## INSTRUCTIONS FOR THE TASK:
Without including any pictures, copy every line below exactly.

## RECORDED DATA:
BEGIN
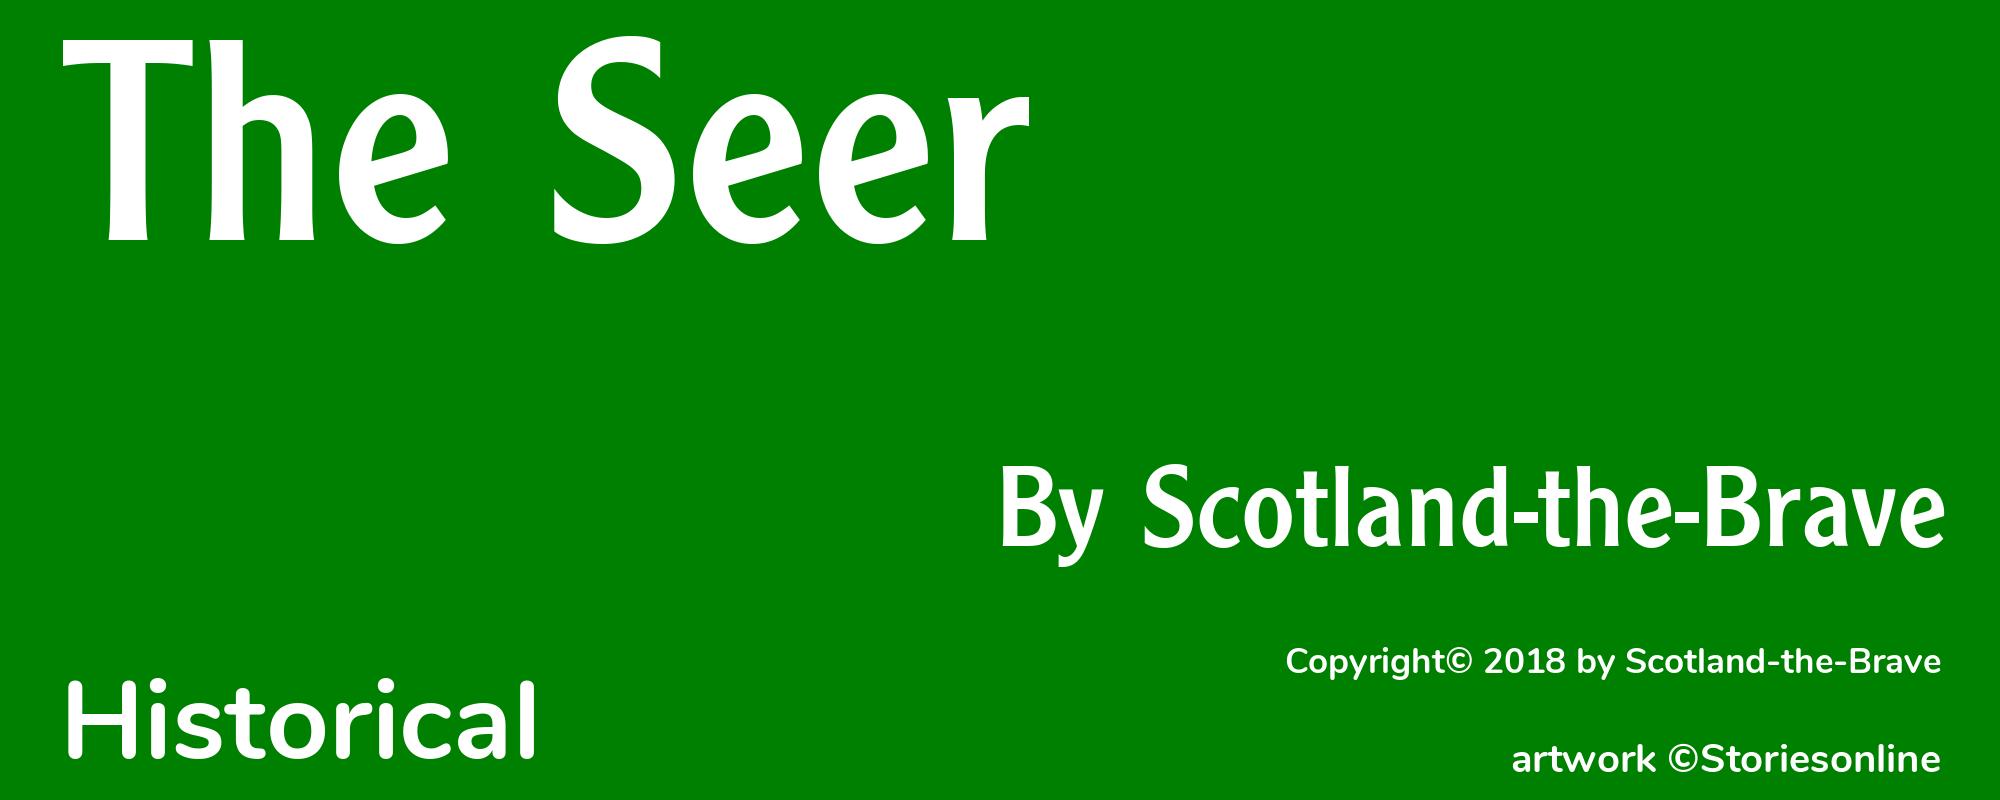 The Seer - Cover
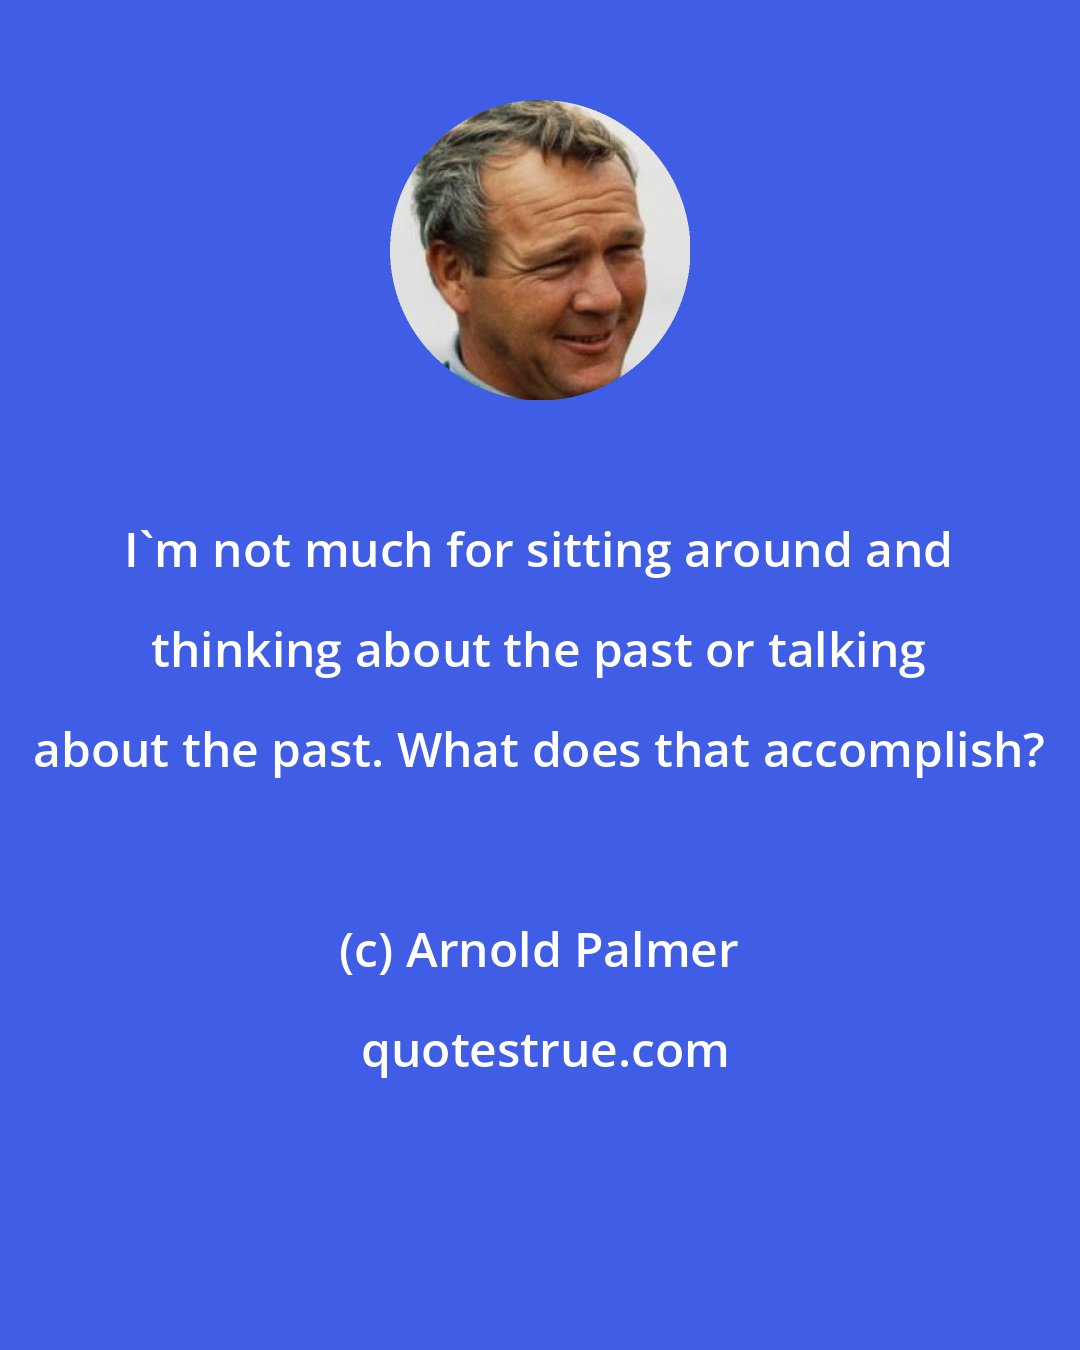 Arnold Palmer: I'm not much for sitting around and thinking about the past or talking about the past. What does that accomplish?
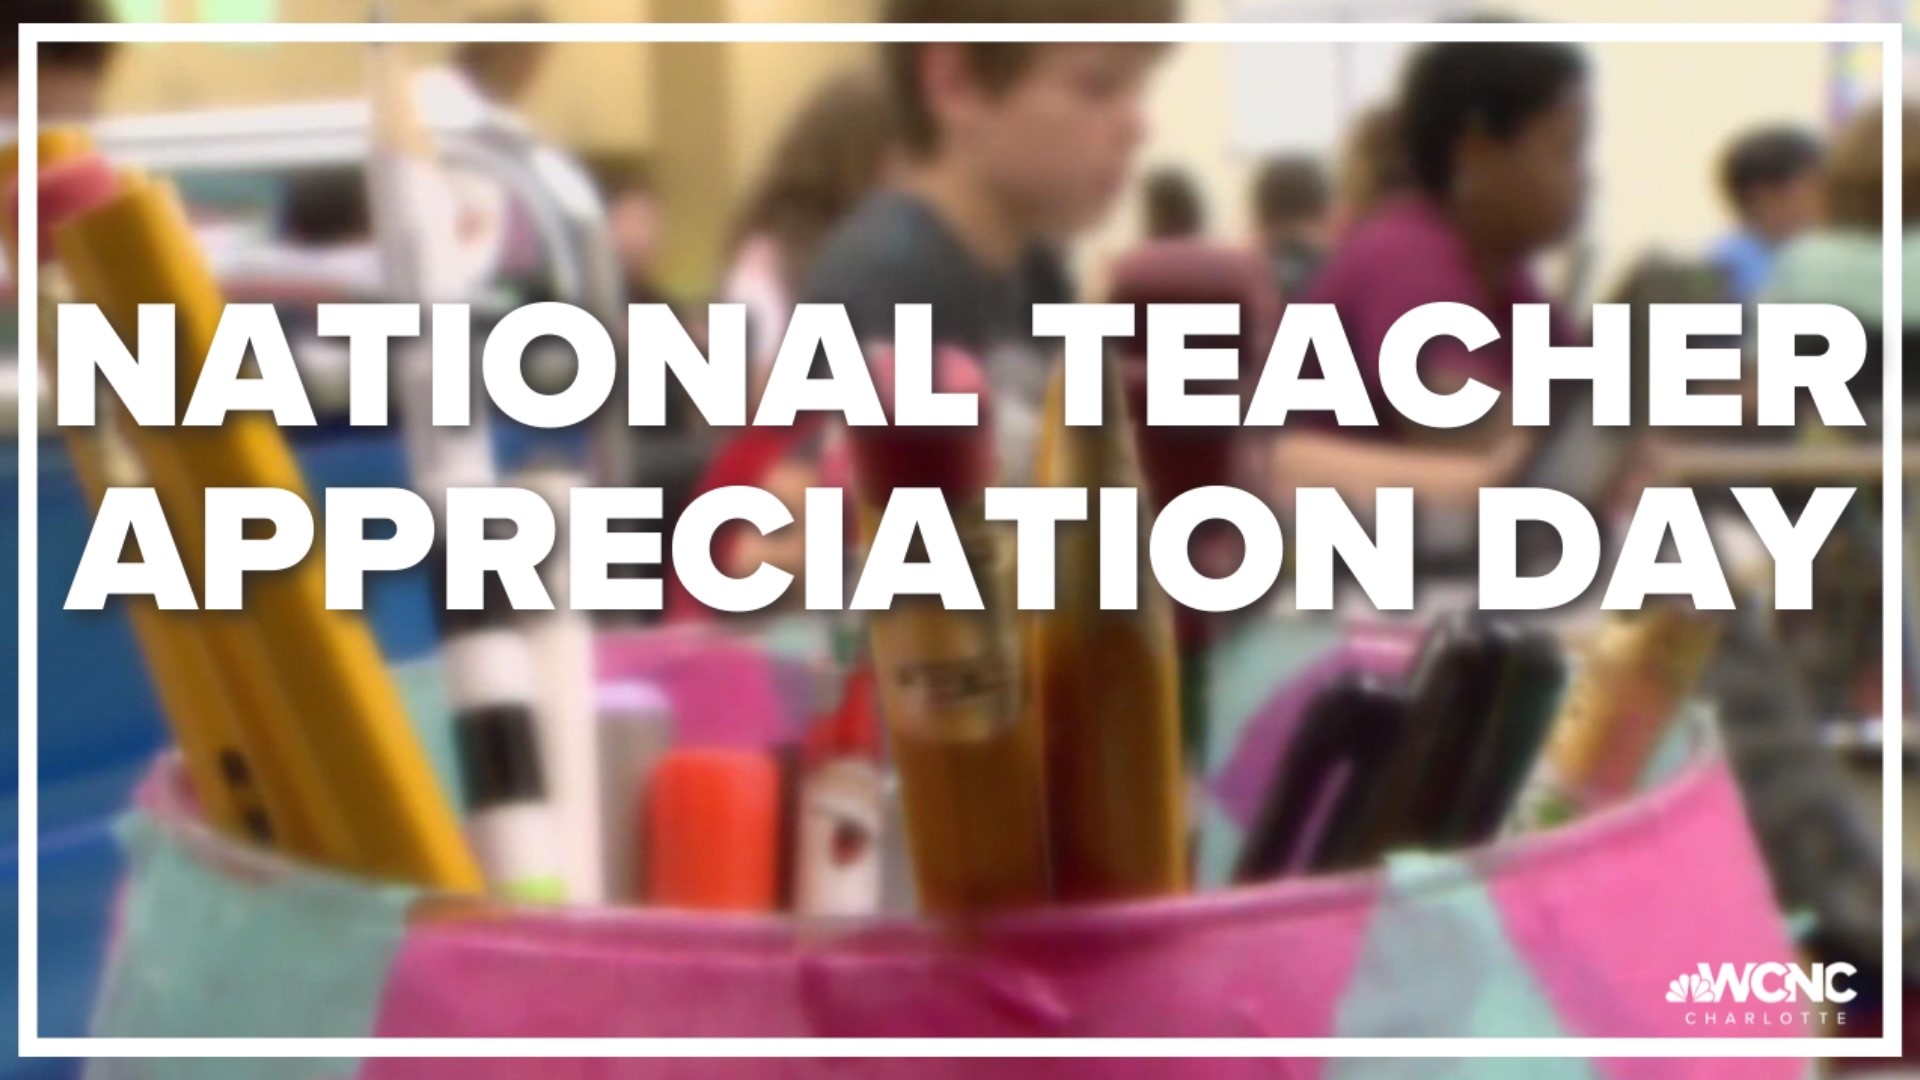 Now more than ever, it's critical to support our nation's teachers and thank them for everything they do for our kids.
END
## SOLUTION TO THIS TASK:
 The Seer - Cover
 Arnold Palmer: I'm not much for sitting around and thinking about the past or talking about the past. What does that accomplish?
 Now more than ever, it's critical to support our nation's teachers and thank them for everything they do for our kids.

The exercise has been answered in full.